Businesses such as strip clubs, escort services, and adult book and video stores must close from 2 a.m. to 6 a.m. or face criminal charges.
DALLAS — Thursday was the first day Dallas police enforced the city's new sexually oriented business ordinance, which puts limits on the hours of operation for strip clubs, escort services, adult book and video stores and more.
Under a new ordinance passed unanimously by Dallas City Council members in January 2022, these businesses must close from 2 a.m. to 6 a.m. Enforcement of the ordinance began Thursday, Nov. 30. Dallas Police Department The police department announced that it has sent letters to each licensed business office. Each licensed business was visited with a copy of a letter outlining the revised ordinance targeting sexually oriented businesses.
Police said everyone was in compliance after the first day.
Enforcement of the ordinance, passed nearly two years ago, has been delayed by legal resistance. On the same day the Dallas City Council approved the ordinance, a nonprofit trade association whose members include four adult cabarets, an adult bookstore, and sexually oriented businesses said the ordinance violates the First Amendment right to free expression. They filed a complaint against the city, alleging that their rights were being violated.
In October, the 5th Circuit Court of Appeals sided with the city of Dallas and issued an opinion invalidating a lower court's ruling blocking the passed ordinance.

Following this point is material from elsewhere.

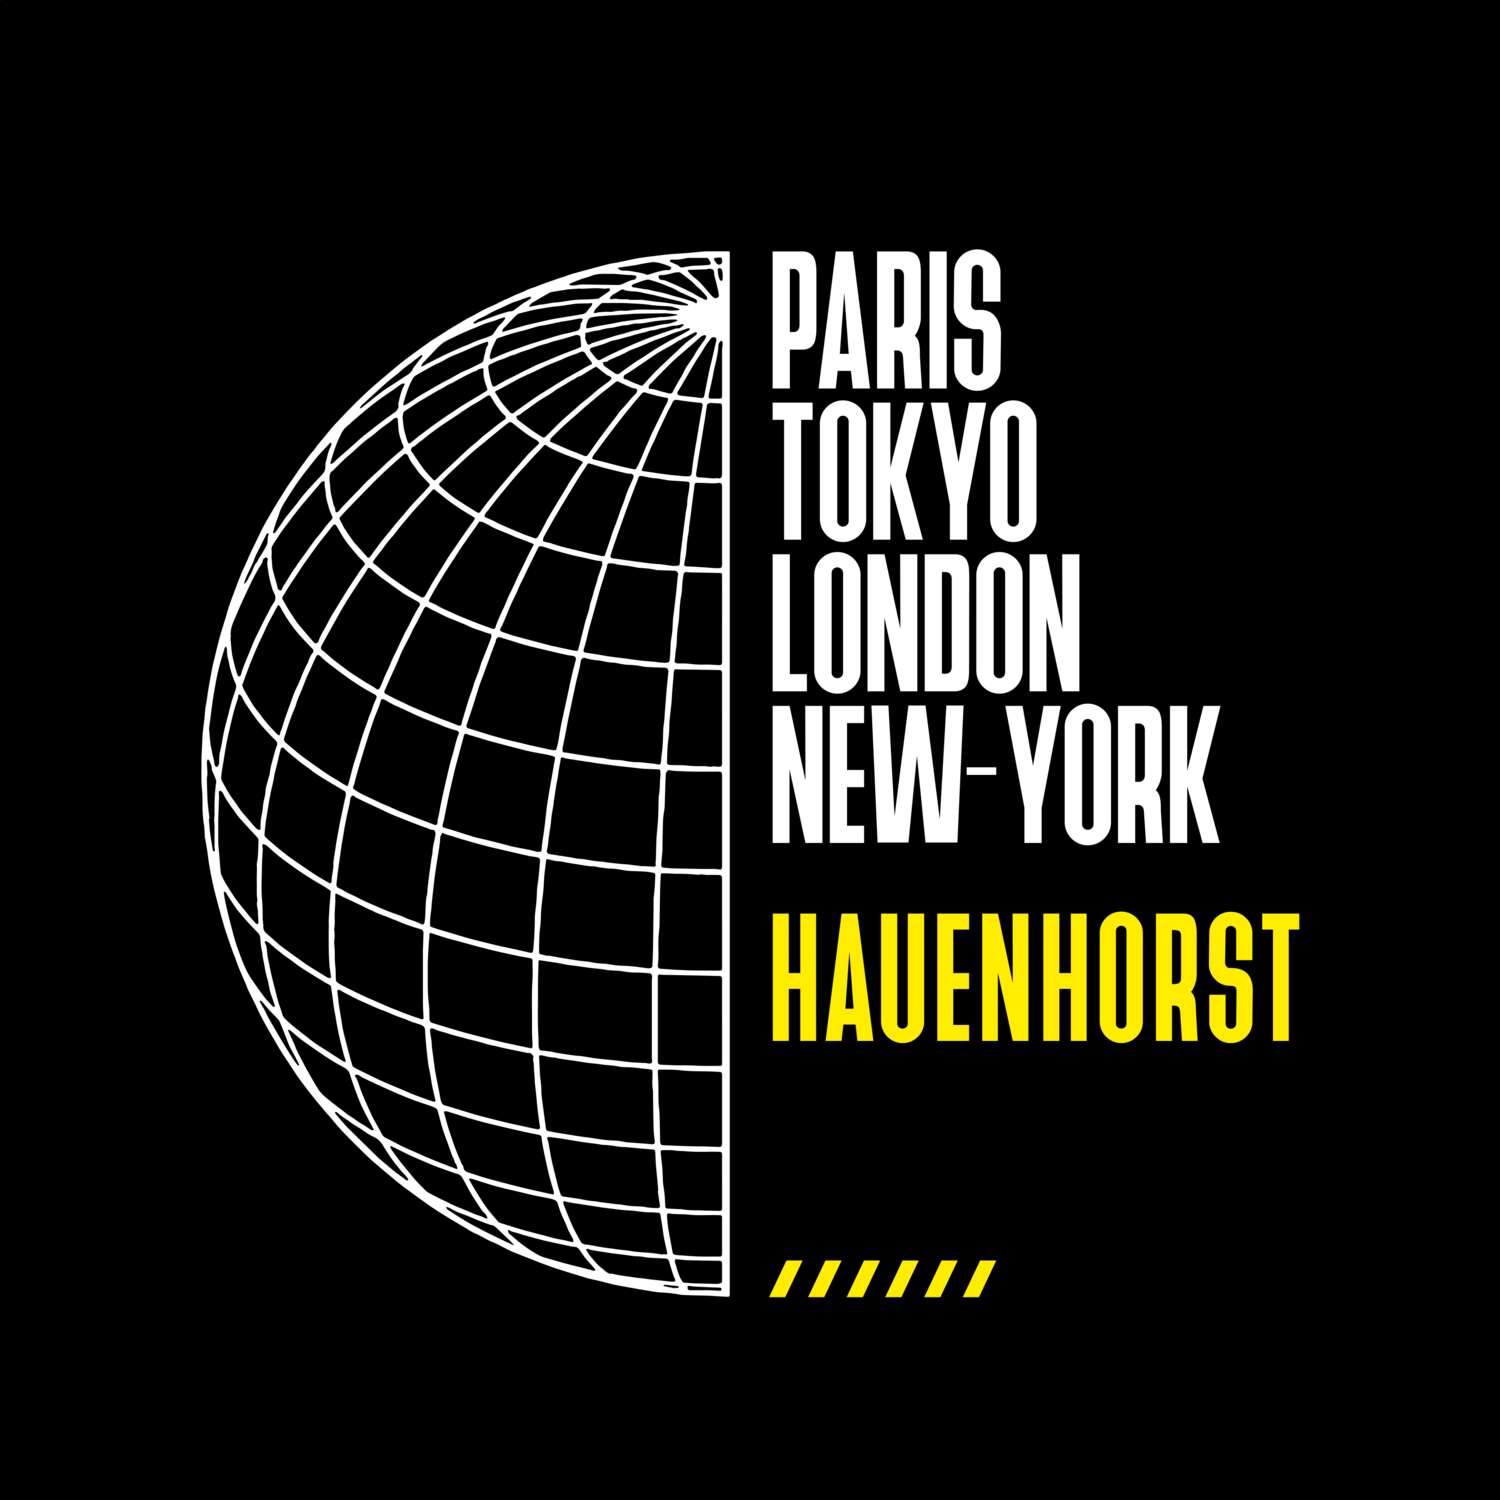 Hauenhorst T-Shirt »Paris Tokyo London«

The 5th Circuit Court of Appeals said in an October ruling that the city's evidence “reasonably shows that the ordinance is constitutional.” [sexually-oriented businesses] Increased “harmful side effects” such as late night work and crime. ”
The judgment also stated that “the ordinance also [sexually-oriented businesses] Although erotic dancing is a protected form of expression, the ruling supports the argument that the ordinance does not prohibit large-scale operations, but rather restricts “time, place, and duration.” ing. the way they operate. ”
The city of Dallas was looking at evidence-based links between business hours and crime statistics.
“From the end of 2020 to the beginning of 2021, there were many mass shootings in and around Dallas. [sexually-oriented businesses] killed multiple people.Police responded by forming a task force and patrolling the area. [sexually-oriented businesses] On busy nights after midnight. Operating for approximately eight months during 2021, the task force made 123 felony arrests, responded to 134 citations, issued more than 1,100 citations, and made more than 350 drug and weapon seizures. “,” the judgment said.
The ruling also found that approximately 67% of all aggravated assaults, rapes, robberies, and murders that occur between 2 a.m. and 6 a.m. are from sexually oriented businesses, according to data compiled from 2019 to 2021. It said it occurred within a 500-foot radius. city. In 2021, that percentage jumped to 76%, according to the filing.